━━━━━ Records for processing
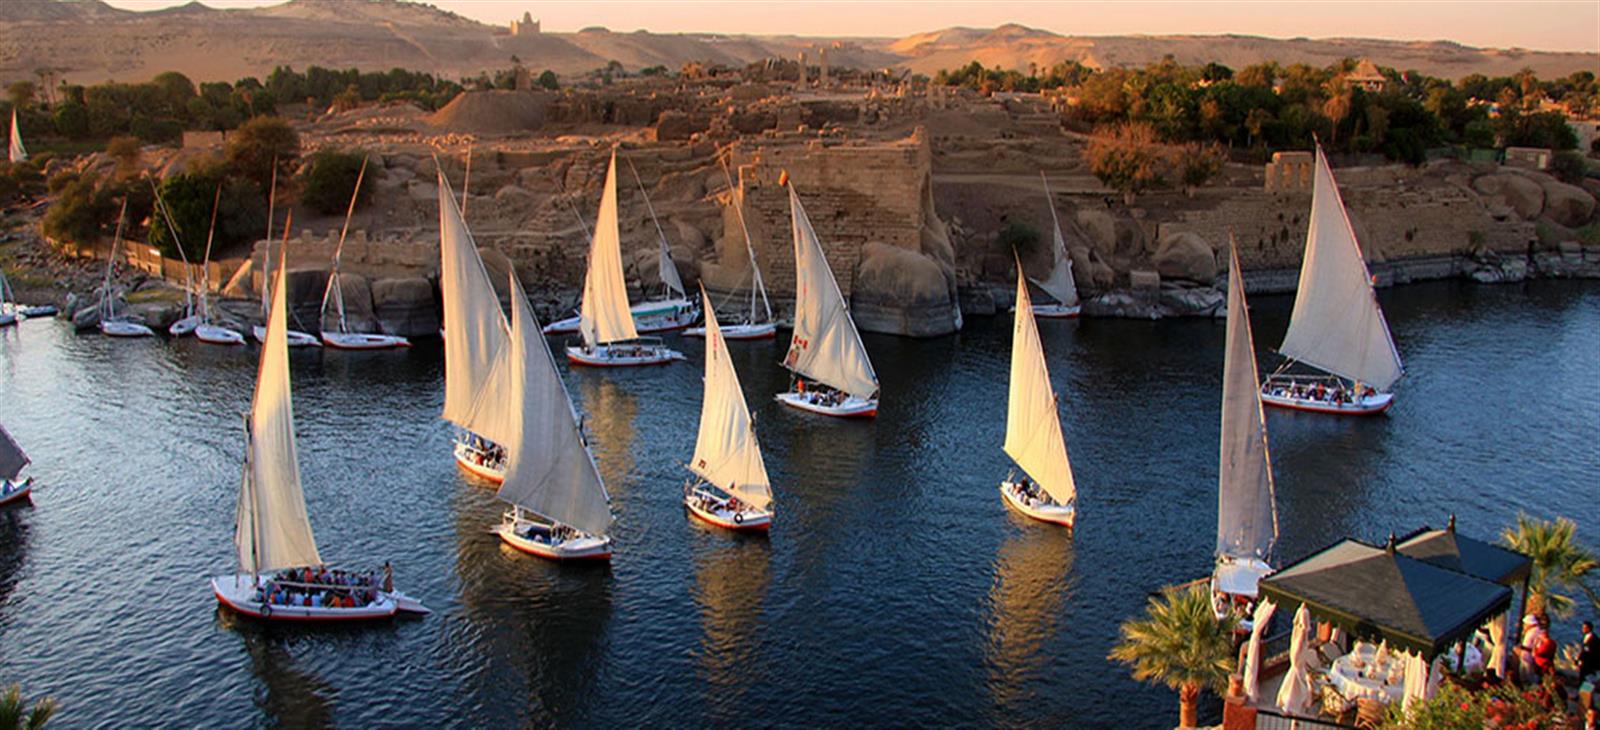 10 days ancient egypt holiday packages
━━━━━━━━━━
━━━━━ Records for processing
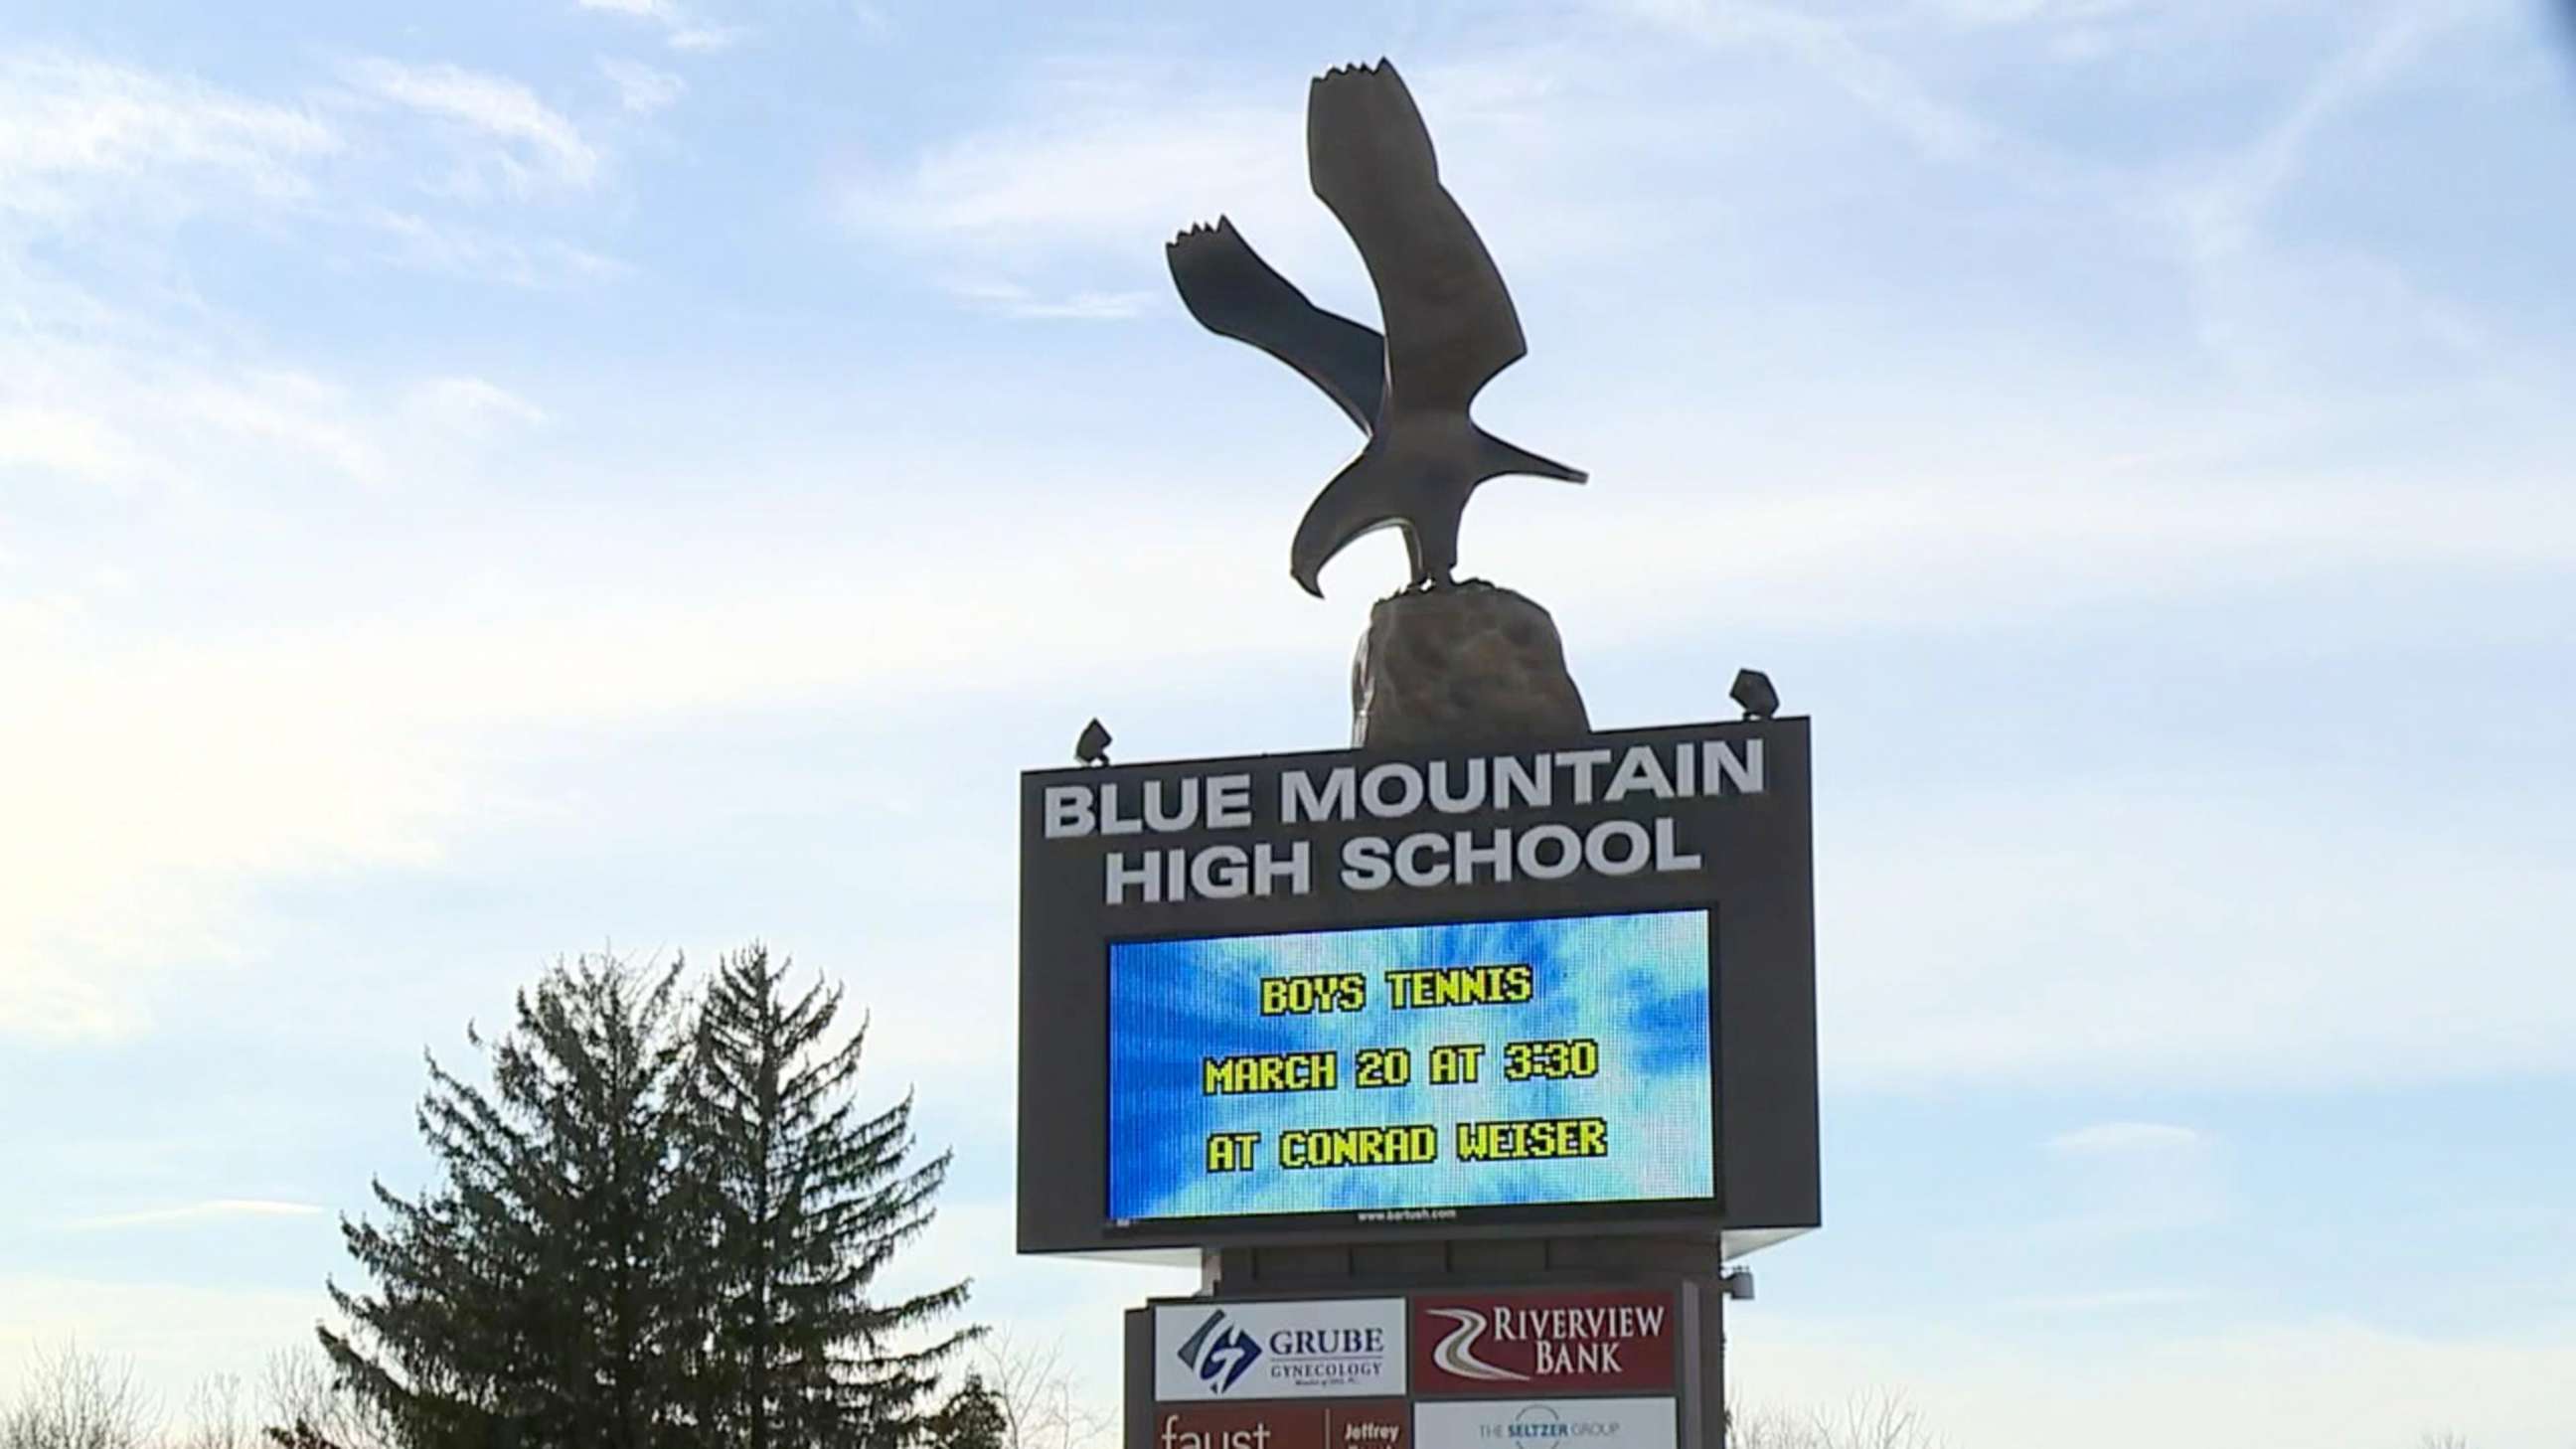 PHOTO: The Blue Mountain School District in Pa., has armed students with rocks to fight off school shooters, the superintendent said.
━━━━━━━━━━
━━━━━ Records for processing
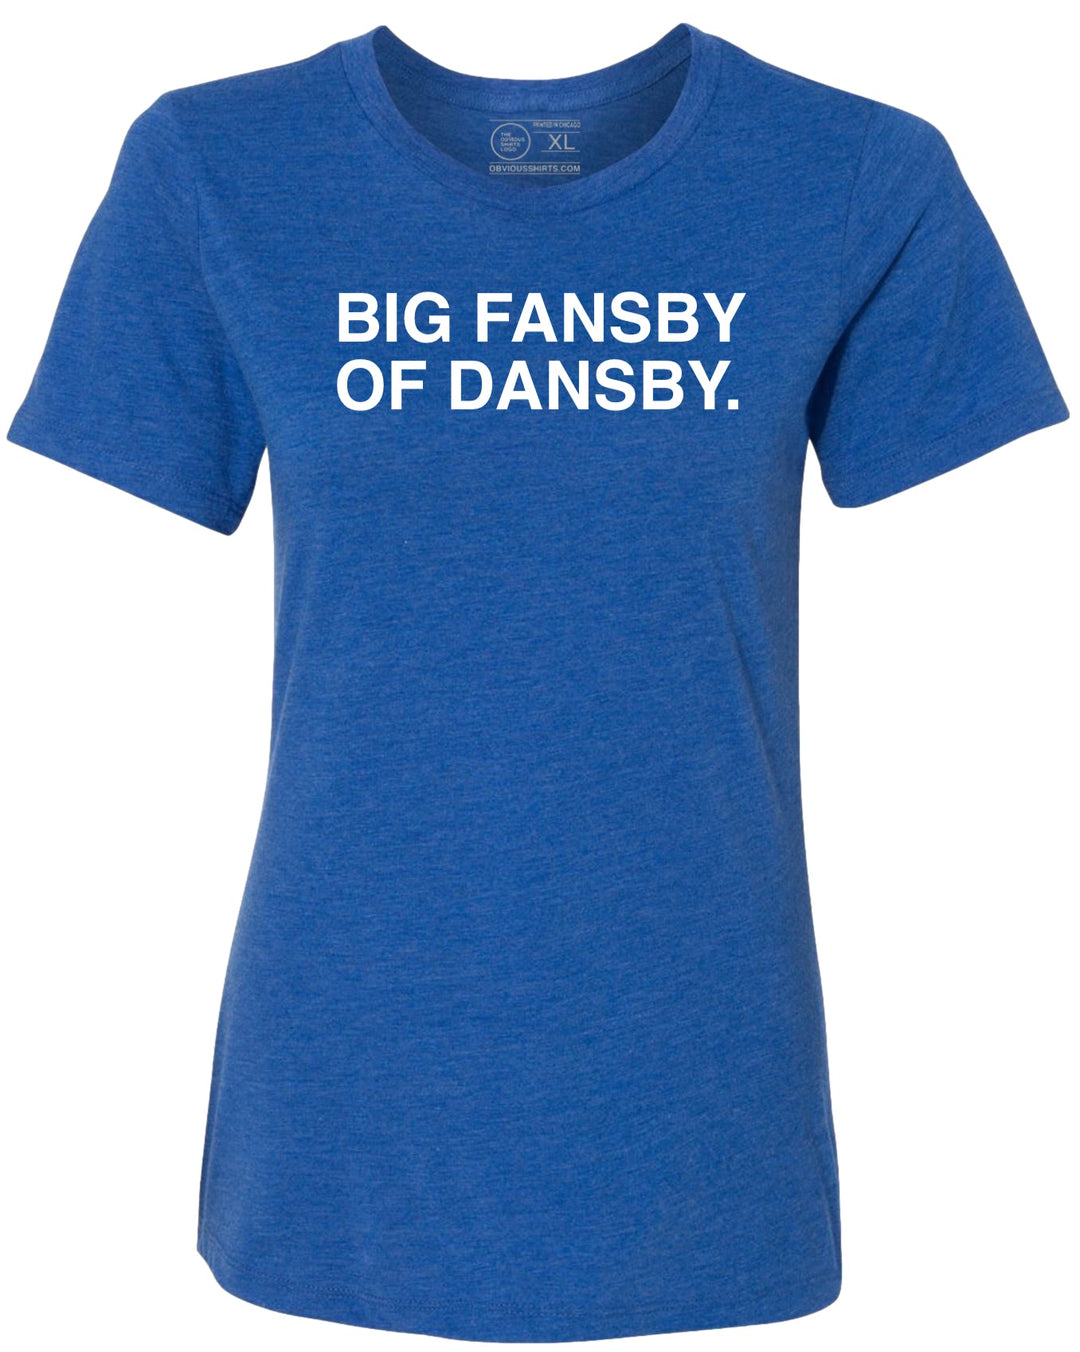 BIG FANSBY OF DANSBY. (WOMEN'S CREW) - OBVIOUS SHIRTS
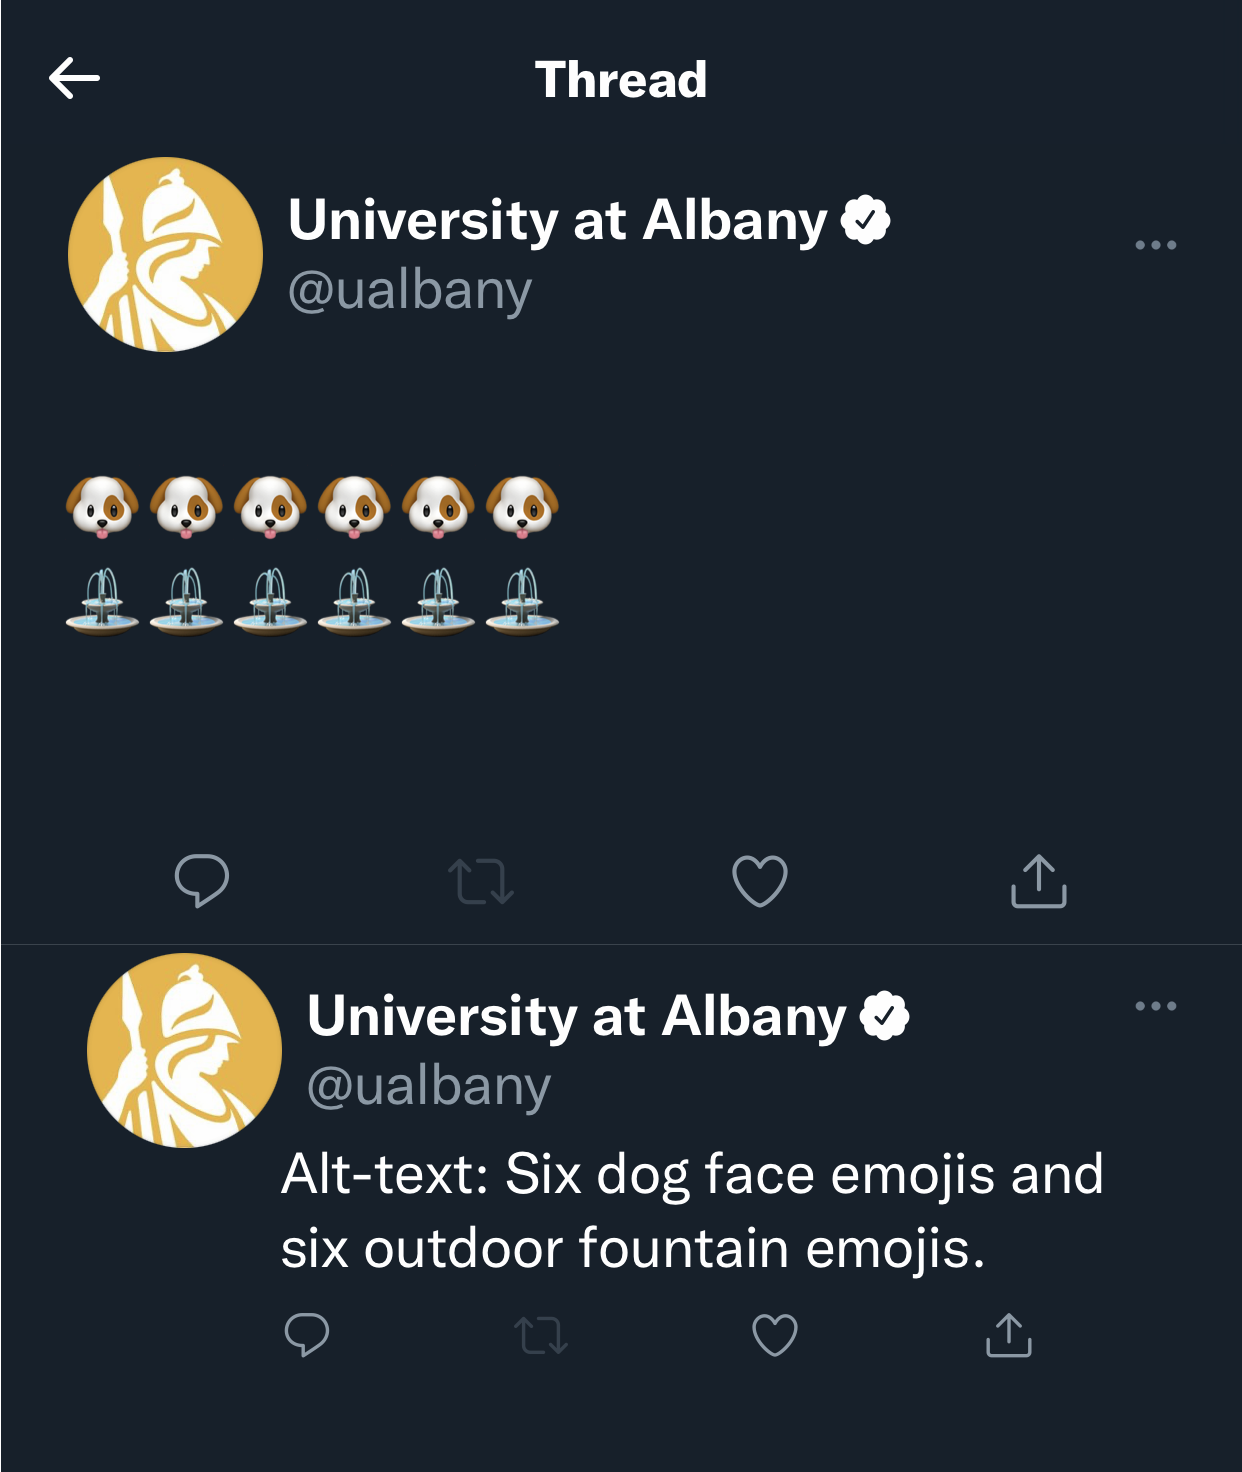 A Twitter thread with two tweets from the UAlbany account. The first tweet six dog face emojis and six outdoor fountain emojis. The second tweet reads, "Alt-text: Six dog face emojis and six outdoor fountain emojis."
━━━━━━━━━━
**What you have to do:**
Look above for the line with "BIG FANSBY OF" and the line with "A Twitter thread"; set down those two lines and all lines between them exactly, without pictures and without anything else.

**Answer space:**
 BIG FANSBY OF DANSBY. (WOMEN'S CREW) - OBVIOUS SHIRTS
 A Twitter thread with two tweets from the UAlbany account. The first tweet six dog face emojis and six outdoor fountain emojis. The second tweet reads, "Alt-text: Six dog face emojis and six outdoor fountain emojis."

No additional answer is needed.